# You Can't Fix $*****



## Asian Spirit (Mar 1, 2010)

*Duterte policy to erode US influence in South China Sea*



The Duterte administration’s “independent” foreign policy should not be belittled or underestimated, as it could “substantially” undermine the influence of the United States, a long-time ally and... Read More 

(source: INQ News)


----------



## fmartin_gila (May 15, 2011)

Yep Keeping an eye on it and wondering where this is leading and what the consequences will be.

Fred


----------



## Ram1957 (Oct 14, 2014)

Duterte would face obstacles in cutting US arms reliance: analysts | ABS-CBN News

I don't think it will be as easy as some think.


----------



## EuroBob (Feb 23, 2015)

I wonder if this current tactic could be used in a careful balance which allowed the Philippines to have more positive discussions with China without losing the benefit of the Mutual Defence Treaty with the U.S. .


----------



## M.C.A. (Feb 24, 2013)

The exchange rate seems to improve with every off the cuff word against the US ... but I had a dream years ago that I might need to exit through the US Embassy and it looked like a very bad event was happening, my dream seemed to show huge unrest. 

There couldn't be two more opposites when it comes to politics between the US Administration and the Philippine and so much time to make things worse before a new US Administration change in January.


----------



## esv1226 (Mar 13, 2014)

I think Duterte simply wants to appear tough.

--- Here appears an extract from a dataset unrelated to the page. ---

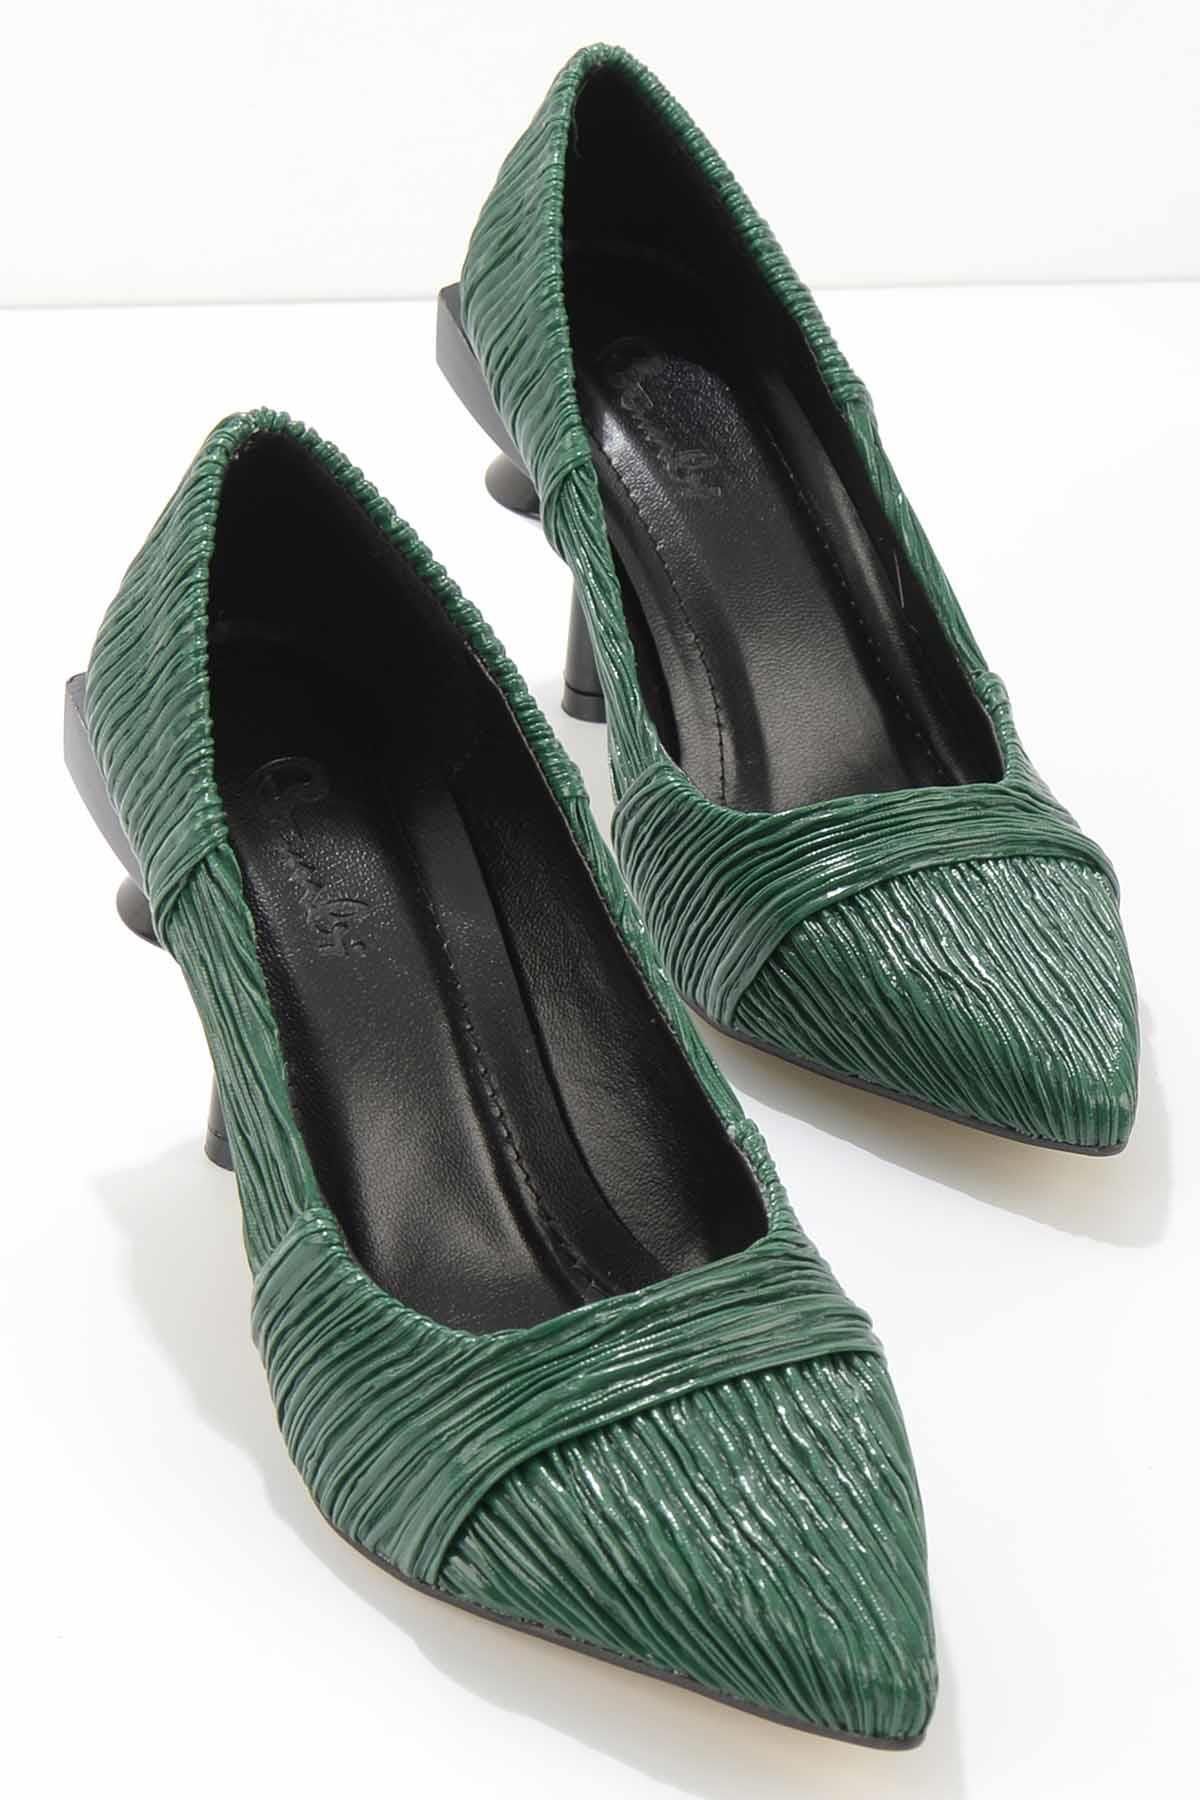 Bambi Yeşil Kırışık Kadın Klasik Topuklu Ayakkabı K01188125142

He wants to save face with locals and does not know how to respond to US criticism. I think the White House response - down play it - is spot on.


----------



## Asian Spirit (Mar 1, 2010)

EuroBob said:


> I wonder if this current tactic could be used in a careful balance which allowed the Philippines to have more positive discussions with China without losing the benefit of the Mutual Defense Treaty with the U.S. .


China probably thinks it will be easy to get the best deal out of whatever happens dealing with this president. At the same time, I think China will cooperate and play along but only as long as they think they are getting the upper hand.
If nothing else, we are getting a front row seat watching real world politics work and how it plays out.


----------



## EuroBob (Feb 23, 2015)

Jet Lag said:


> China probably thinks it will be easy to get the best deal out of whatever happens dealing with this president. At the same time, I think China will cooperate and play along but only as long as they think they are getting the upper hand.
> If nothing else, we are getting a front row seat watching real world politics work and how it plays out.


Agreed.
I see the huge resource benefit which China is able to claim if they occupy the locations of dispute.
The only way China would relinquish the locations would be to either be denied the benefit 
or if the benefits became outweighed by costs.

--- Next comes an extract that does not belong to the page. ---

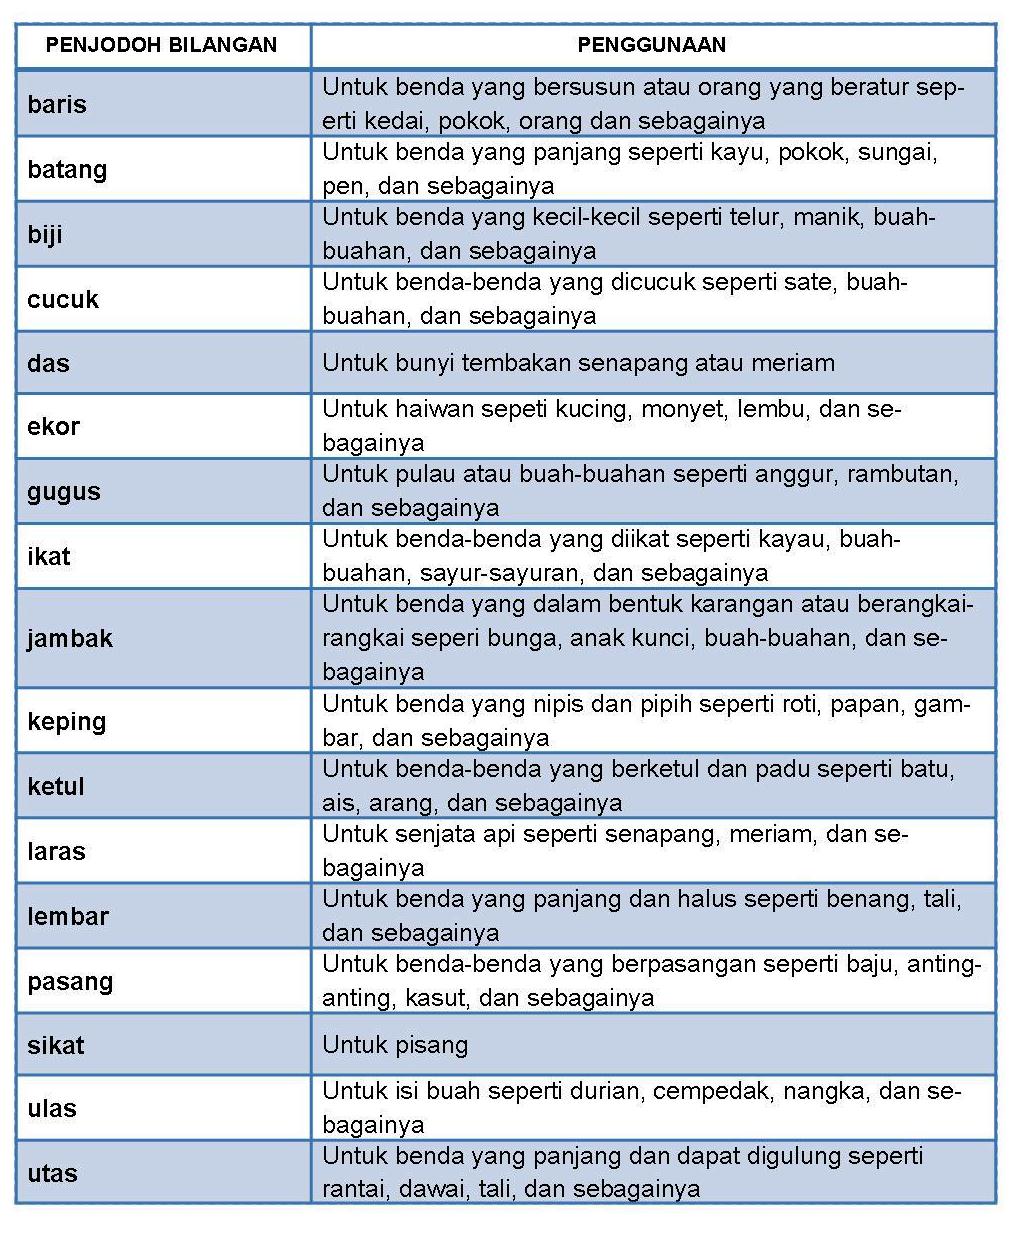 Nota Bahasa Malaysia Penjodoh Bilangan

The benefits include fish and petroleum, so one would have to figure out a way to limit China's ability to fish and drill/produce.

Sabers will rattle, but the military option is off the table because it is not worth the cost.

Perhaps blockades and other impediments could be utilized to block oil production, but that would get very tense and bring us close to physical conflict.

The only possible way to pursue this issue, without increasing the chance for conflict to an unacceptable risk level is probably through international pressure. Perhaps if China can be made to feel that their reputation is being unacceptably impacted in a negative way they would decide to change their course of action.
I doubt it because their desire for additional sources of petroleum and fish is incredibly large.

(All of the above is just an opinion of some layman on a keyboard. op2: )


----------



## Asian Spirit (Mar 1, 2010)

EuroBob said:


> Agreed.
> I see the huge resource benefit which China is able to claim if they occupy the locations of dispute.
> The only way China would relinquish the locations would be to either be denied the benefit
> or if the benefits became outweighed by costs.
> ...


To keep China out there is one more option. If a half dozen first world countries were to run a complete blockade of the Spratlys so as to keep China out it would work as China would not take on most of the world for the islands. Then during the blockade these islands could be dismantled and destroyed. Problem is that the countries of the world can't seem to organize themselves well enough to do something like that.


----------



## fmartin_gila (May 15, 2011)

EuroBob said:


> I wonder if this current tactic could be used in a careful balance which allowed the Philippines to have more positive discussions with China without losing the benefit of the Mutual Defence Treaty with the U.S. .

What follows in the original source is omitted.